There's no way of knowing how any of us would react to the trauma and stress of surviving a zombie apocalypse, but I spent the better part of "TS-19" feeling frustrated with the way almost everyone was reacting to almost everything:

  • Like Dr. Jenner deciding to lock a bunch of clueless men, women and children inside an oven that was set to explode in an hour, and refusing to answer their questions about that.
  • Like everyone getting so monumentally wasted and carrying bottles of wine around like the CDC is their freshman dorm--and Dr. Jenner letting them do it! "Maybe if they're drunk they won't notice the huge red clock counting down to our collective demise. Because if there's one thing that is important to me, it is leaving this world as a mass murderer due to my withholding vital information until the last possible second."
  • Shane is starting to lay it on so thick with the hints about his and Lorrie's affair to the point that we must now conclude that Grimes, our hero, is more than a tad bit slow. (Grimes: "Oh, weird scratches on your face, Shane. I've never seen you do that before. You must have dreamed you were a tiger! Why are you always looking at my wife that way? No, you know what, clearly not imporant. More wine!")
  • Where the crap is Merle? And why doesn't Daryl care anymore?
  • And Morgan and his son? Remember them? The Walking Dead doesn't. 
  • We're all sad about Amy, Andrea. But at a certain point (I think it's the 2-day mark) your debilitating sorrow becomes self-indulgent and obnoxious. EVERYBODY'S EVERYBODY DIED. You don't see them hugging their knees in the shower and quietly resigning to suicide and being such a total Andrea about it.
  • Speaking of showers: If you didn't laugh at Shane melodramatically drinking wine straight out of the bottle during his, then get your brain scanned, because maybe it's undead.
  • Ed's wife was keeping Grimes' grenade in her purse the whole time? THE WHOLE TIME? What a terribly unsafe and weirdly secretive decision for a mother to make. "Here, I'll just keep this sensitive explosive safe and warm next to my checkbook and not tell anybody about it. Just in case!" Deus ex machinas in zombie apocalypse scenarios are, by definition, allowed to get pretty implausible, but they probably shouldn't make me laugh so hard.
  • Whoever programmed the CDC's end-of-days decontamination protocol clearly majored in Overkill at Drama Queen University. I understand that The Walking Dead  wanted to "go out with a bang" for season 1, but watching a building self-destruct in such a massively overzealous way made me go out with a laugh, not a gasp. It was such an obvious "wipe the slate clean, go back to square one" move that made all that time we just spent inside the CDC effectively useless. They didn't learn anything. They didn't gain anything. All they did was lose Jacqui (RIP Jacqui!) and get hangovers. It's hard to imagine that even Grimes believed it when he said there's always hope. The CDC building clearly disagreed, and it knows everything!

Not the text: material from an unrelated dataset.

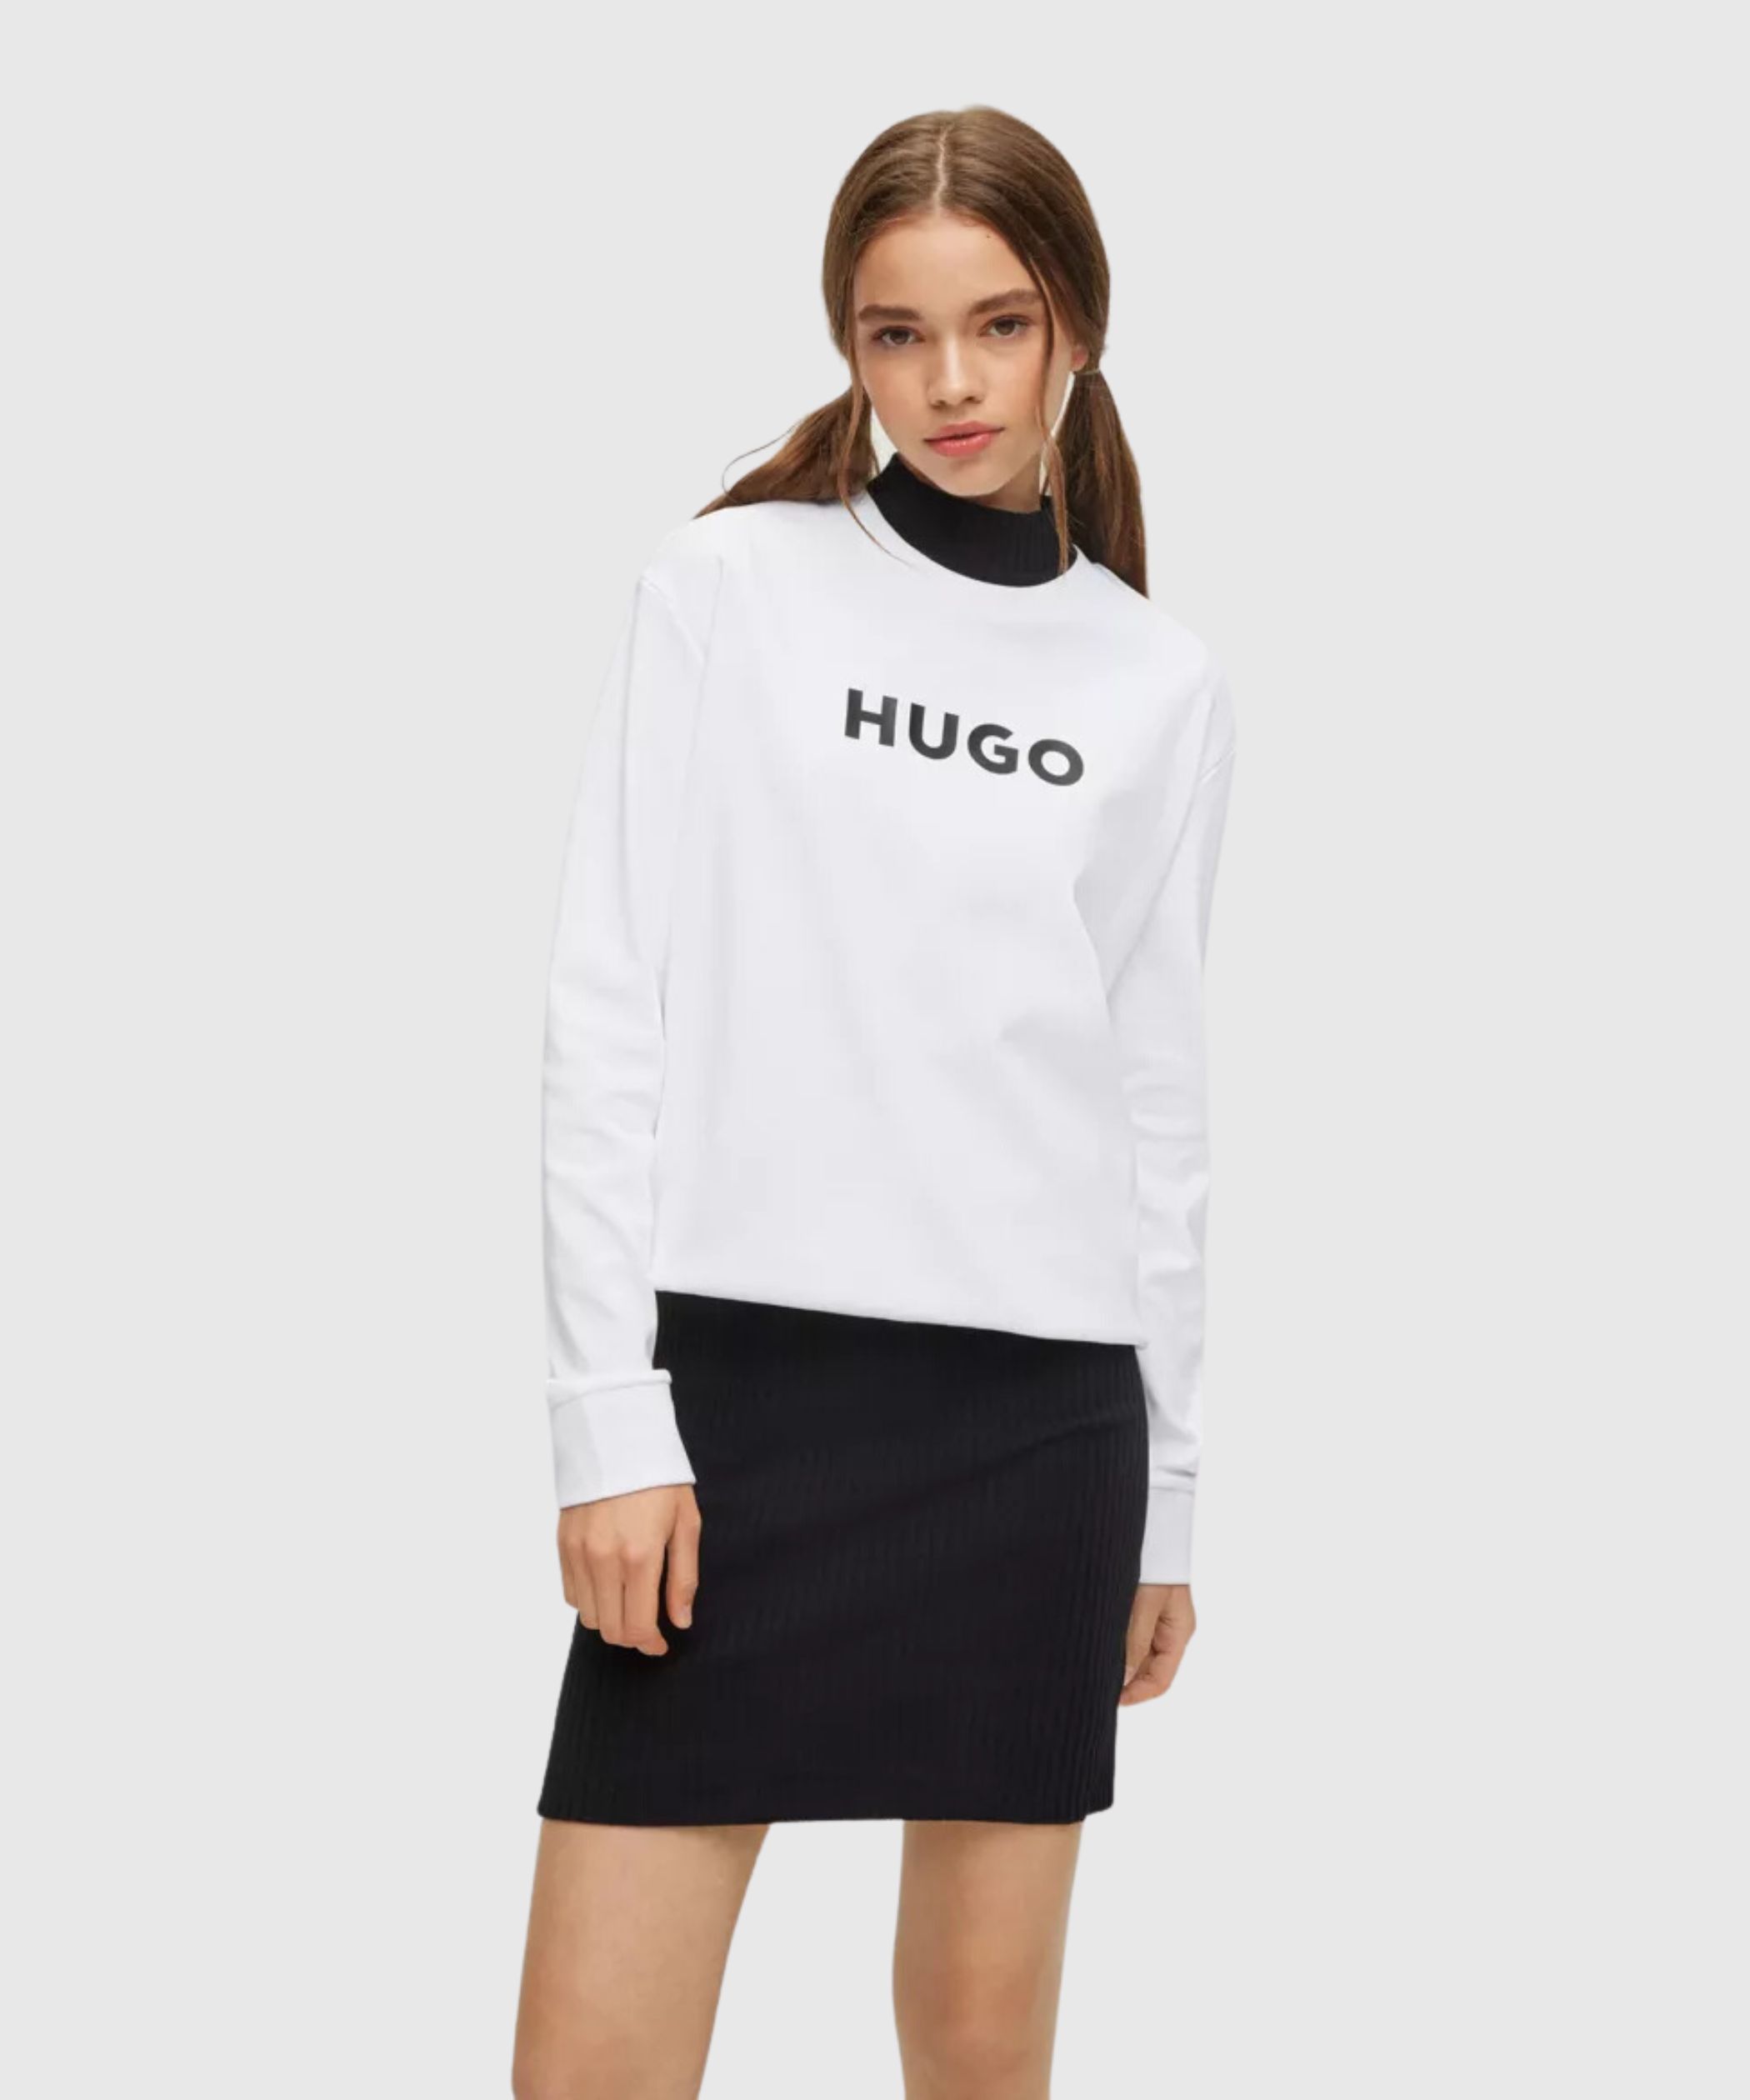 The HUGO Sweater

With all the time it spent on wine and hot showers and the withholding of vital information for dramatic but illogical reasons, "TS-19" felt more like a middle-of-the-season, catch-your-breath-and-regroup sort of episode, not a final episode in an otherwise impressive first chapter. Not that I can blame the series for that--six episodes simply isn't enough time to build up to a finale.

For all my sarcastic nit-picking, I still think The Walking Dead is one of the best new series of the year, and I have reserves of hope stored up for season 2. Maybe a clean slate isn't a bad thing. I actually prefer it to spending more time with Dr. Downer in the CDC. Still, all these character problems in "TS-19" left me less curious than I'd like to be about the season's final questions: Where will Grimes and his gang go now? What did Dr. Jenner whispered to Rick? Will Rick ever find out about Shane and Lorrie? I care, and I will tune in The Walking Dead season 2 in late 2011 to find out. But I'm feeling a little bit Andrea about it.

What did you think of "TS-19"? Did you like it more than I did?

What do you hope to see in The Walking Dead season 2? Theories on what's to come in 2011?